Exercise —
From the first line to the last, output the data exactly as it stands, minus its pictures.

Collected material —
◇ ◇ ◇

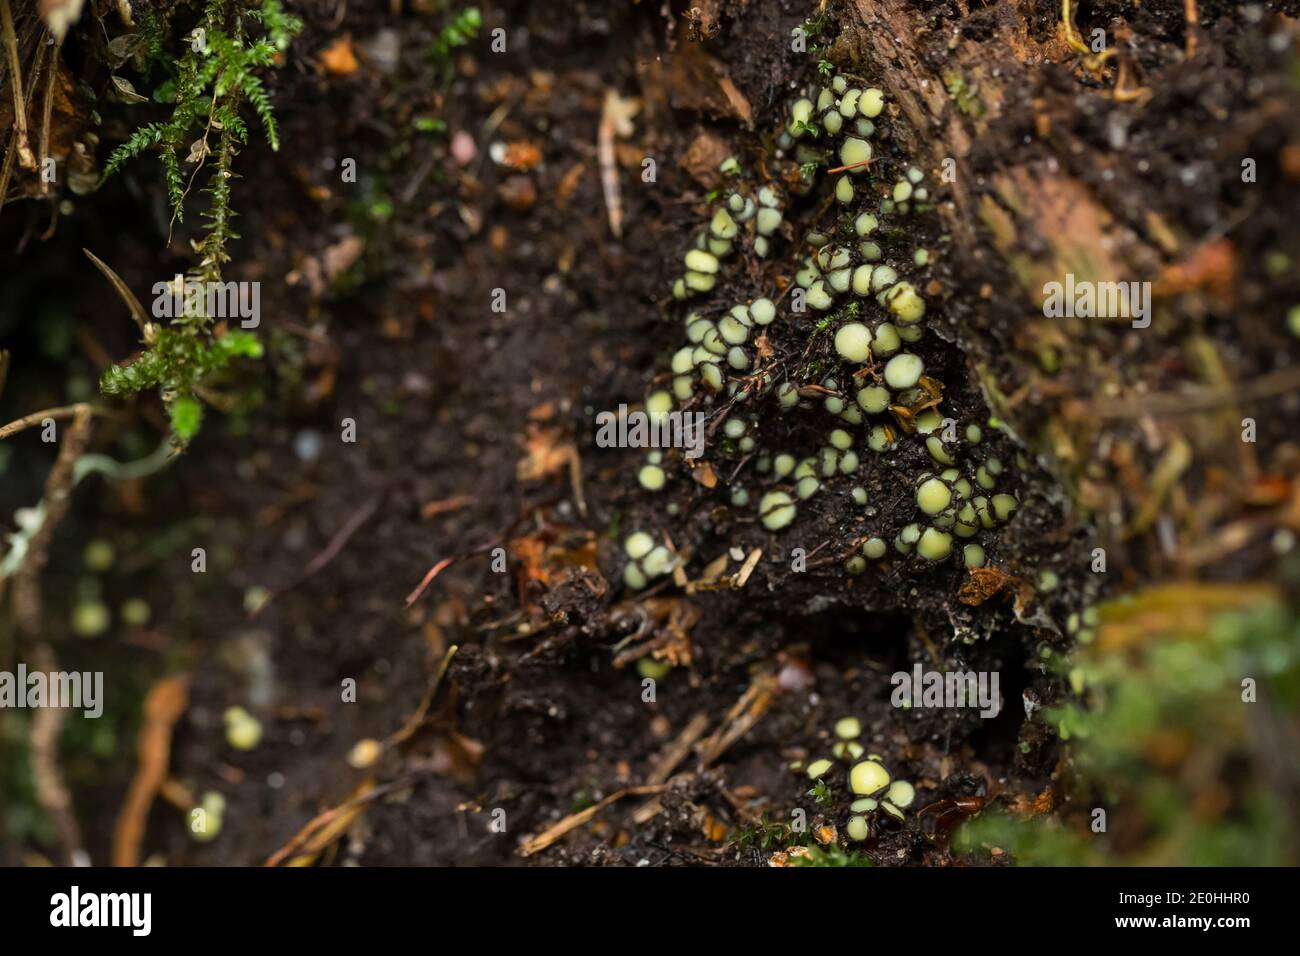 Cup fungi (Podophacidium xanthomelum) on a forest stream bank Stock Photo
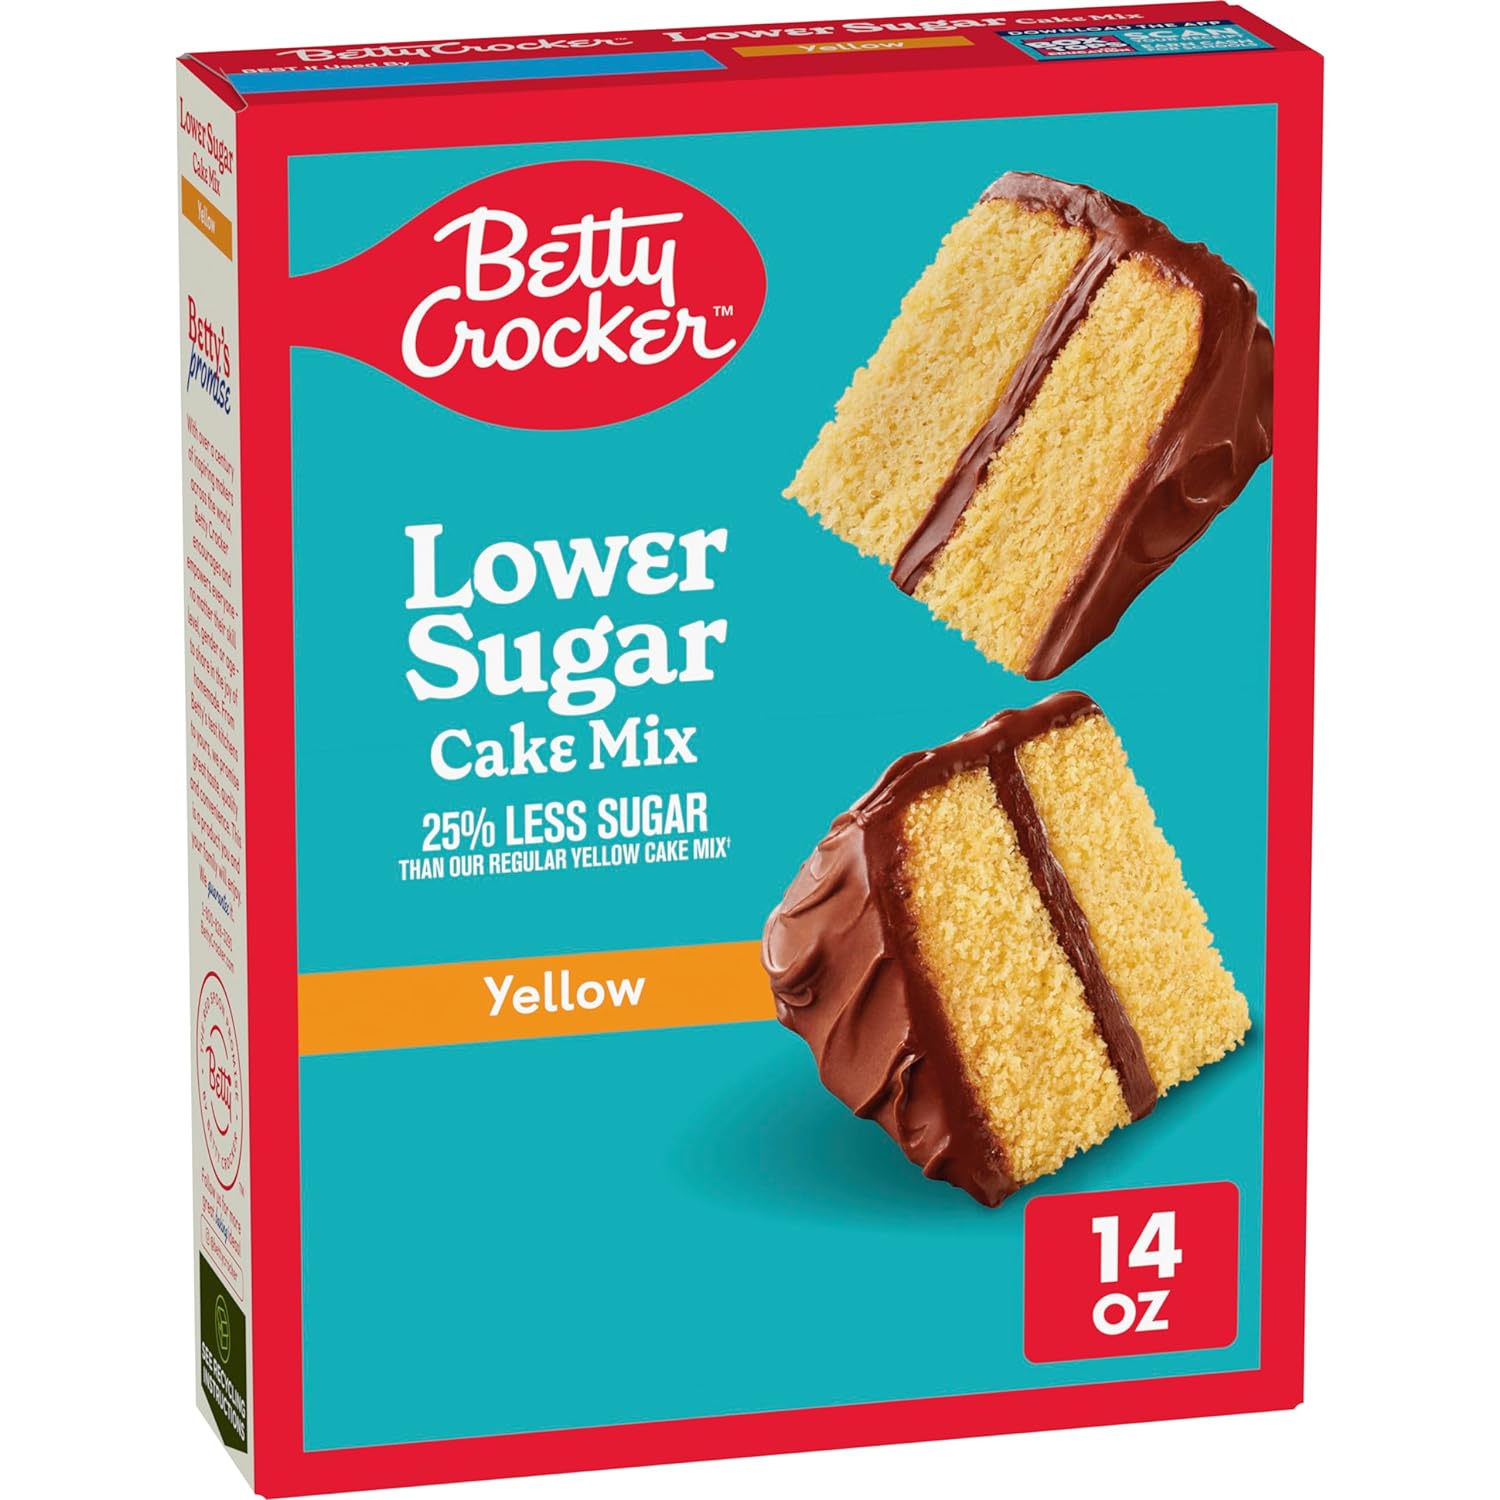 Betty Crocker Lower Sugar Yellow Cake Mix, No Artificial Sweeteners, 14 oz
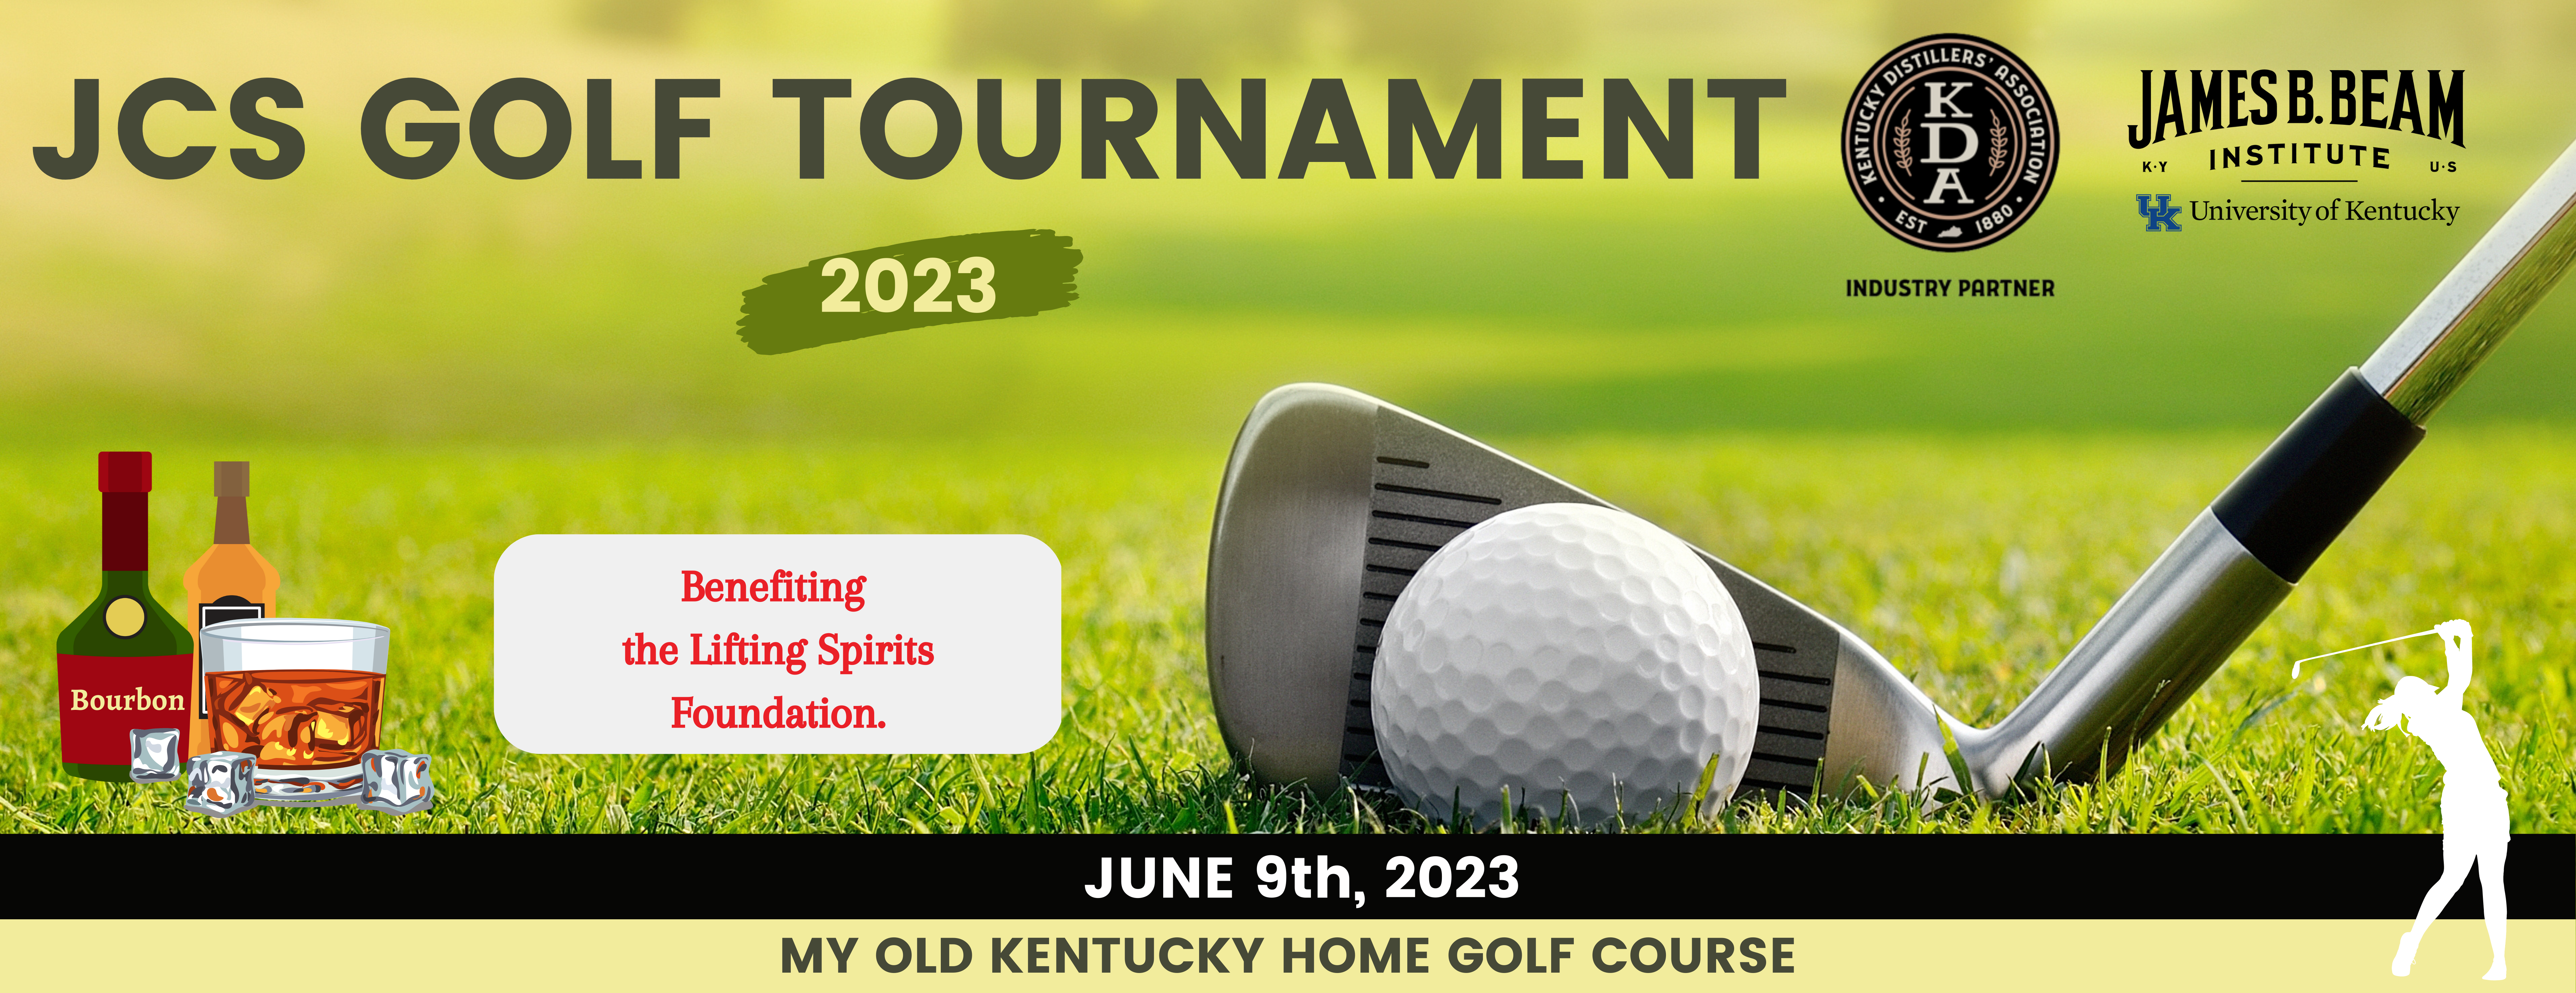 JCS Golf Tournament 2023 (18 × 24 in) (7)

◇ ◇ ◇

Answer to this task —
 Cup fungi (Podophacidium xanthomelum) on a forest stream bank Stock Photo
 Betty Crocker Lower Sugar Yellow Cake Mix, No Artificial Sweeteners, 14 oz
 JCS Golf Tournament 2023 (18 × 24 in) (7)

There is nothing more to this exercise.